Y ese brillo se mantiene ante mí
todo lo que resta de la madrugada,
mucho después de que nos despedimos,
en I y Calzada,
y lo veo alejarse
—ebrio de cafeína, poesía y estrellas—
con su agendad verde
y el tomo de Quasimodo
bajo el brazo.
IV
Primero, despabilados y sin prisa,
pasaban los obreros del turno de las siete
hacia la parada de la 74.
Saludaban, al montar en la guagua,
al chofer
y le brindaban café
en los pomitos ambarinos
que abultaban los bolsillos
de sus pantalones.
Después pasaban mujeres,
oficinistas, maestras, empleadas
de los servicios públicos,
que apuraban el paso
y tiraban malhumoradas de sus hijos
camino del círculo infantil.
Sobre el monumento a José Miguel Gómez
de la Avenida de los Presidentes
despuntaba ya el día
y un coro de pájaros invisibles
presagiaba los violines
de la ciudad dormida.
Pero ellos no se fijaban en el alba
que envolvía
con una aureola dorada el monumento.
Ni siquiera en la pareja
que se besaba a deshora
en un banco de madera,
Pasaban no más, sin detenerse,
y tú me hablabas de tu turbadora amiga
la Testigo de Jehová.
V
Hasta la sala de tu casa,
junto al Café Colón, llegaba el estruendo
de los camiones al pasar el crucero.
Desde allí, hundido
en la gastada mecedora, podía mirar la calle
y espiar a la muchacha
que en el balcón de enfrente
tejía sus trenzas
mientras tarareaba la canción
que un radio invisible
lanzaba a la calzada.
Seca, malhumorada, Pancha
me saca de mi ensimismamiento:
"Ya le avisé.
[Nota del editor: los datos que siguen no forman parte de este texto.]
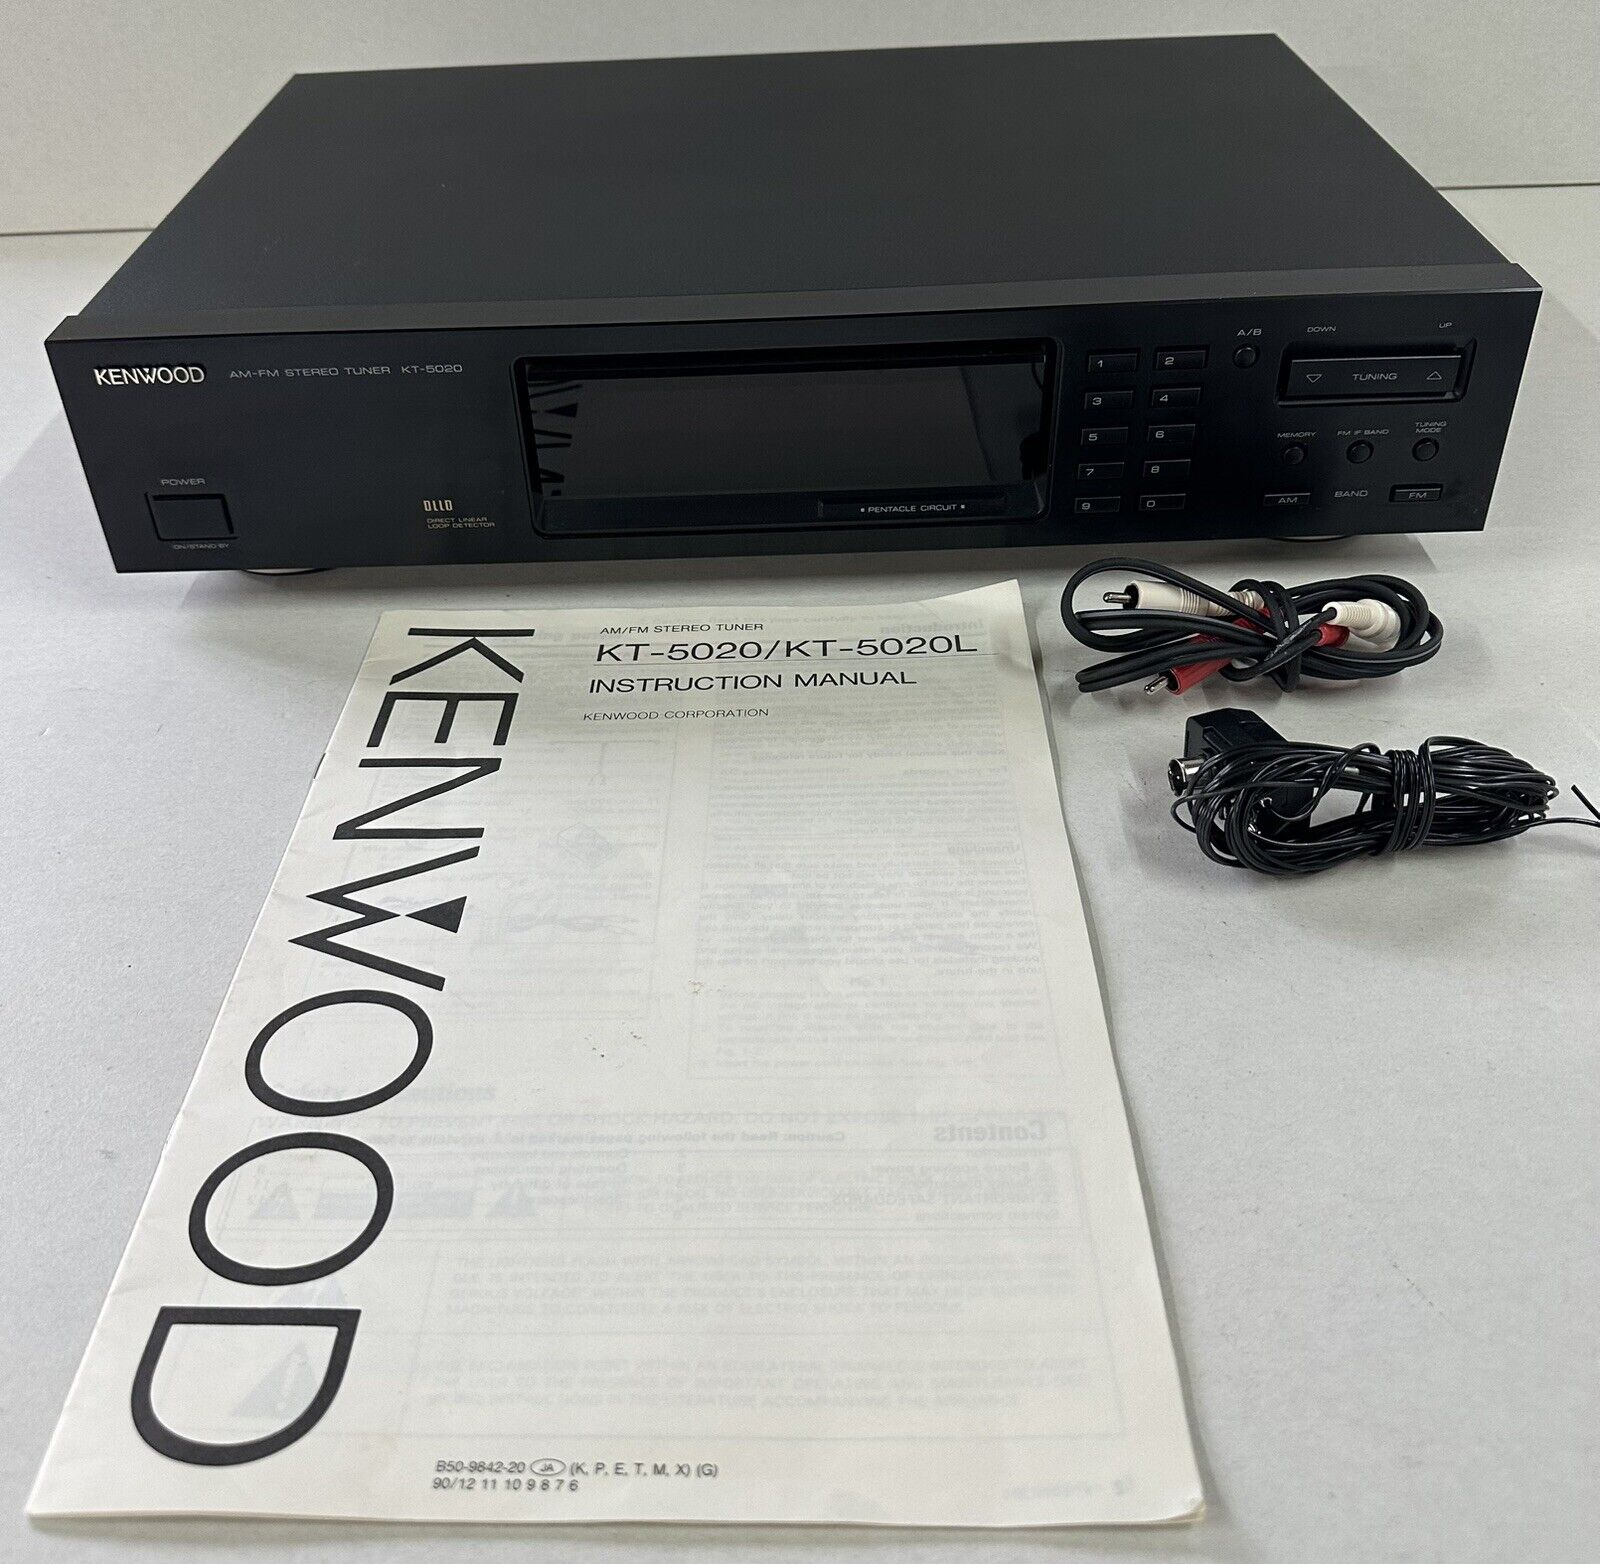 Vintage Kenwood KT-5020 AM/FM Stereo Tuner Excellent Working Condition
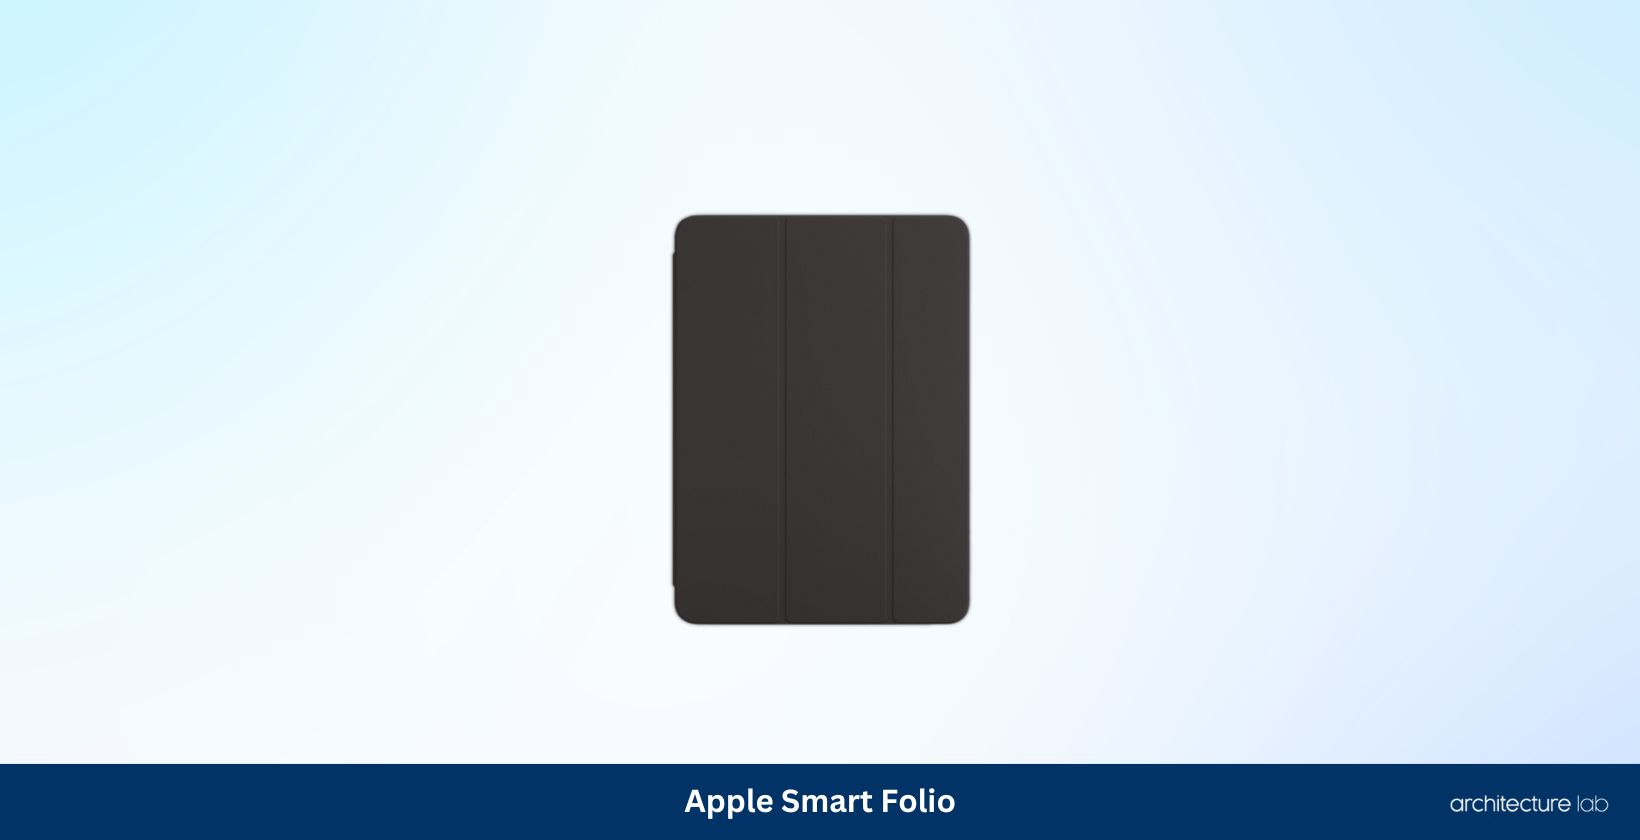 Apple smart folio

Viene enseguida",
Y se aleja otra vez
por el oscuro pasillo.
Debe ser ella, sin embargo,
quien recoge las florecillas silvestres
y las coloca,
cada dos o tres días,
en el vaso de cristal
junto al retrato.
"Flores sencillas", pienso, "como
el vestidito que llevaba puesto".
Al morir, a causa de un tumor
como mi tía Fabiola, tenía solo 21 años.
Se llamaba Miriam
y era hermana de la boba
que en el cuarto contiguo
golpea con ensañamiento
las teclas
de un piano.
VI
Cuando algunos de tus amigos
—pálidos y debiluchos
por la falta de sol,
encerrados como hongos
en sus bibliotecas—
te insistían por entonces
en que no valía la pena
hacer "vida de calle"
—La Habana ya no es ciudad
para poetas, decían—
tú tratabas en vano de convencerlos
hablándoles de las bondades de la luz solar,
de la necesidad primordial de comunión,
de la esencia social de actos tales
como la palabra, el culto, el amor...
Pero ellos estaban demasiado apegados
a sus neurosis sin ventilación
y al húmedo olor de sus alcobas
para escuchar tus razones.
Jamás podrían comprender
que media hora de conversación
con una loca
podía ser más reveladora
que todas las noches de lectura.
que bien valía una noche con Aida
en alguna escalera pestilente de la ciudad
cualquier desasosiego.
VII
Ella no elige noches para entrar
como dice Padilla.
Pero seguíamos abriéndole cada noche las puertas,
después de vagar por la ciudad horas enteras,
a esa perpleja visitante,
a esa extranjera.
VIII
Echado sobre mi Smith-Corona
como sobre los pupitres de pino
de la escuela,
trato de imaginarte
—desvelado por el café y la dexedrina—
en el pequeño comedor de tu casa
donde a esta hora
has de estar escribiendo.
En chancletas, abierta la camisa
de tu piyama a rayas, suspirando
tras repetir el nombre
que te llena el cerebro de aleteos
y derrumba
todos los diques de tu alma.
Están solos, tus recuerdos y tú,
en esta noche oscura
que no ahuyentan las luces.
Tu Remington, descascarada y vieja,
se ha callado
y en una esquina de la mesa,
sobre una lata de galletas,
humea el cigarro
que acabas de encender
y has olvidado.
Están solos en la noche tus recuerdos y tú,
pero los sapos croan afuera felicísimos
y un radio
(que nadie oye ya)
da la hora en el cuarto de tu tío Ricardo
y repite por enésima vez
la misma noticia
sobre los últimos combates
de las tropas cubanas
en la provincia angolana de Cabinda.
La Habana, 1978
Benigno Dou nació en Caracas, en 1955. Residió en Cuba de 1967 a 1980, donde estudió Literatura Hispanoamericana en la Universidad de La Habana. Ha publicado dos libros de poemas, Palabras encantadas y Frente al espejo purificador; una novela, Luna rota, y el libro de cuentos Caribe perverso.